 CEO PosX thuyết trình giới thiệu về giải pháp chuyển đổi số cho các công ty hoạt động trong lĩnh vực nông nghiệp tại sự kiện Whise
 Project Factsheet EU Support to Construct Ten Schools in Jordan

* * *

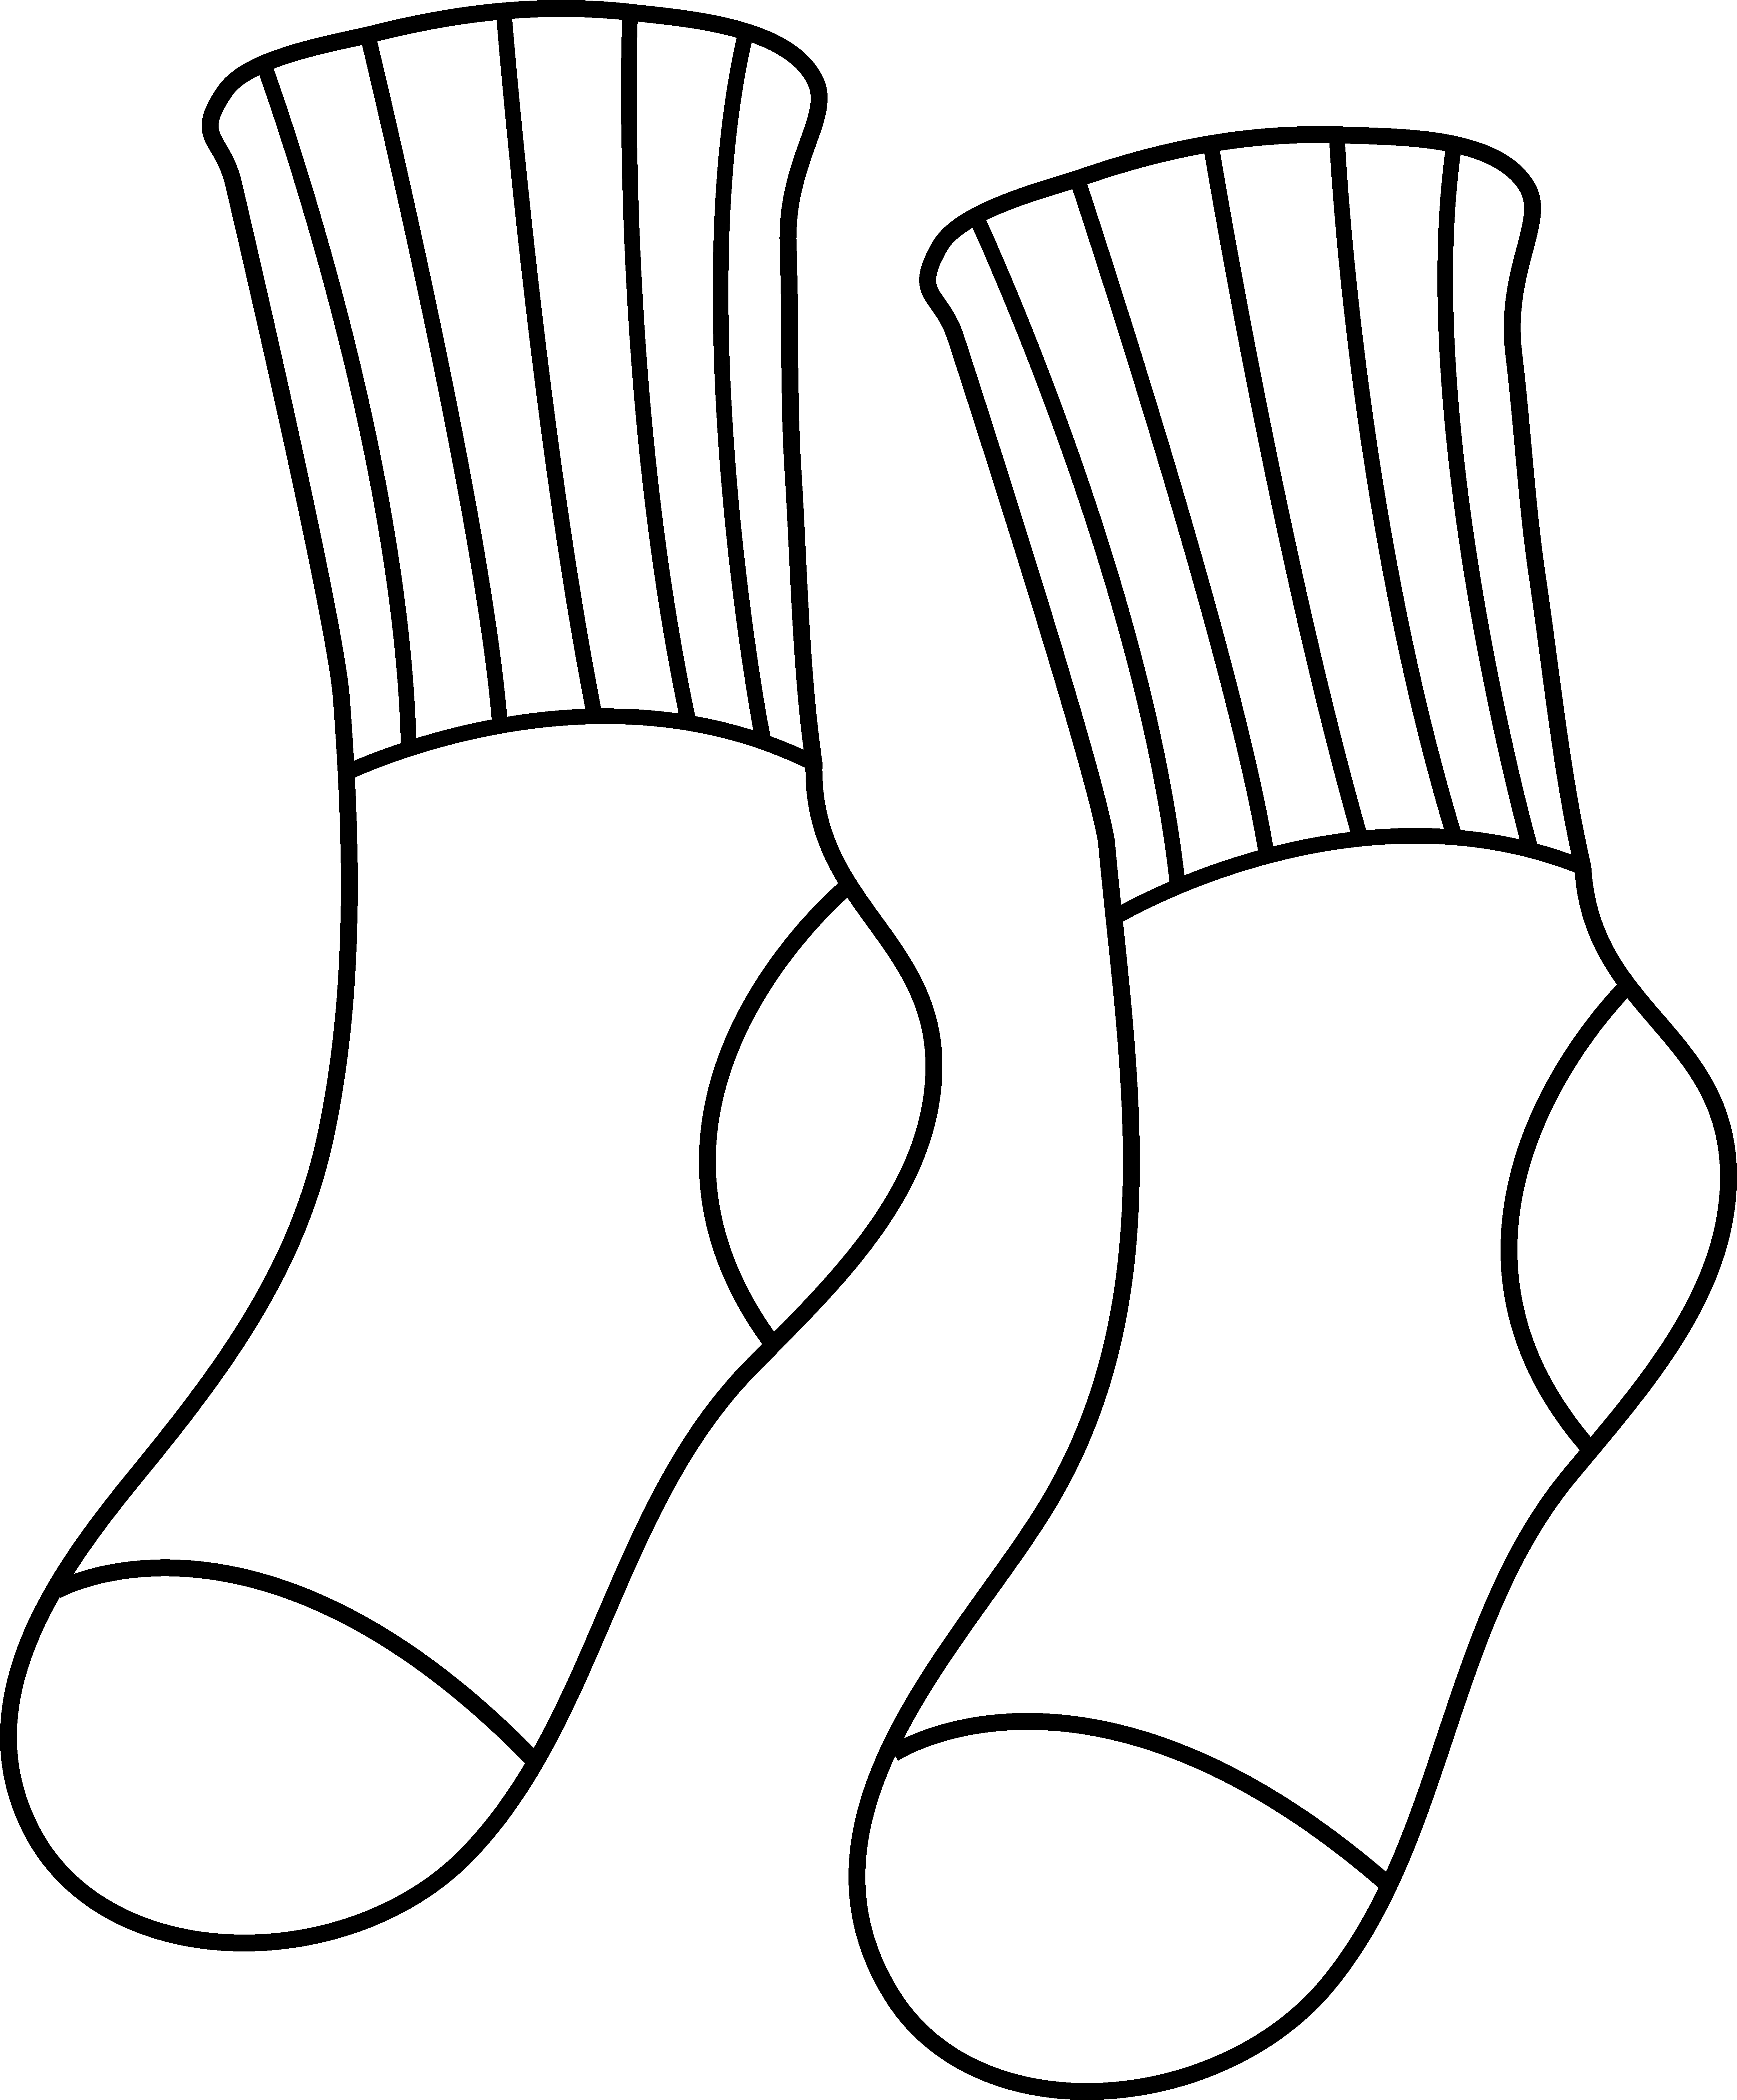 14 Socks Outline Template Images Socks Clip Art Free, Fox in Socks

* * *

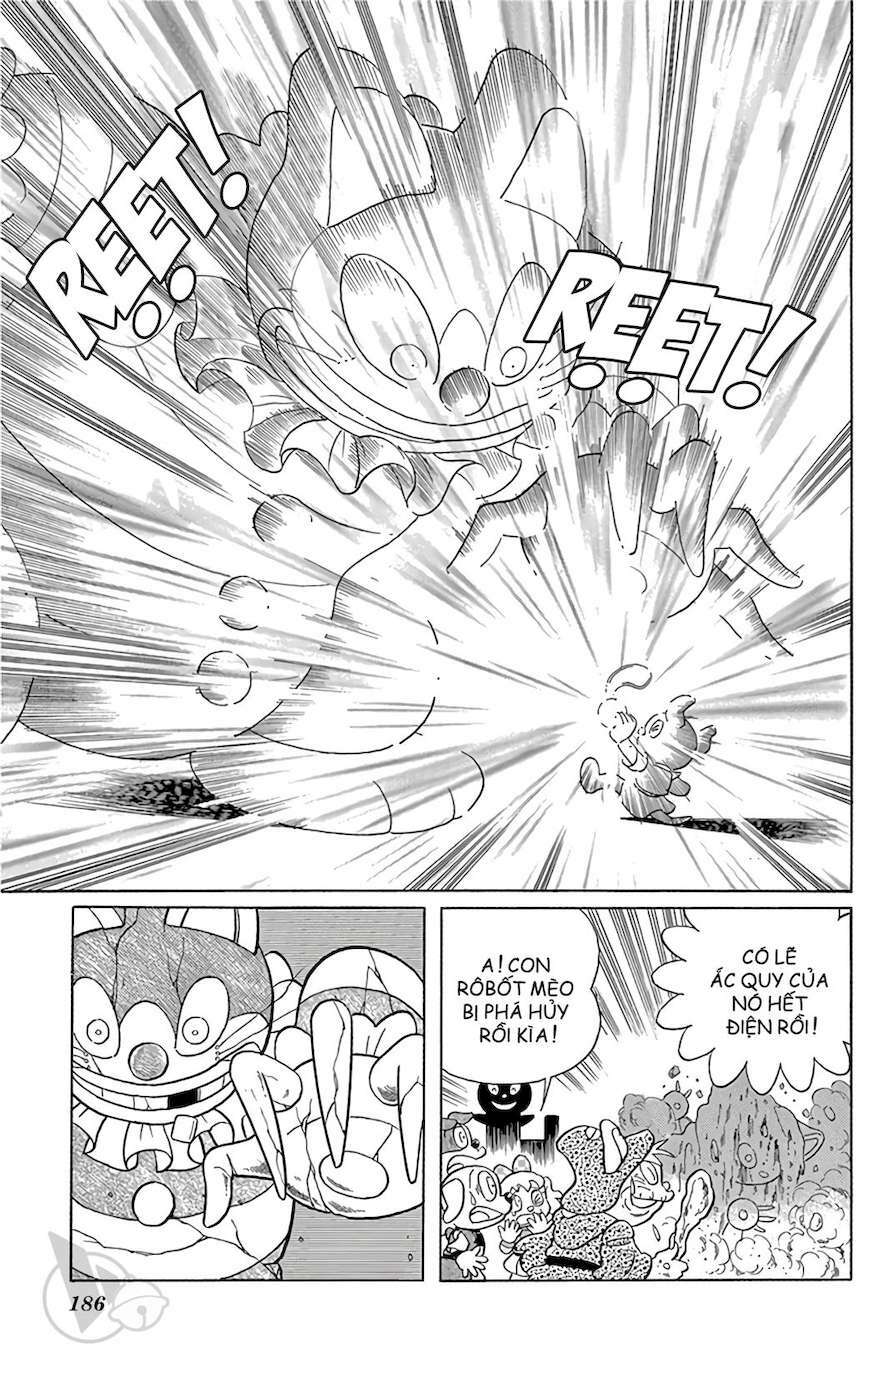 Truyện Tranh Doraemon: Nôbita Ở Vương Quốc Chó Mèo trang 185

**Problem description**
Give back exactly the lines above, from the line containing "CEO PosX thuyết" through the line containing "Project Factsheet EU", with both end lines and nothing more.

**Expected output**
 CEO PosX thuyết trình giới thiệu về giải pháp chuyển đổi số cho các công ty hoạt động trong lĩnh vực nông nghiệp tại sự kiện Whise
 Project Factsheet EU Support to Construct Ten Schools in Jordan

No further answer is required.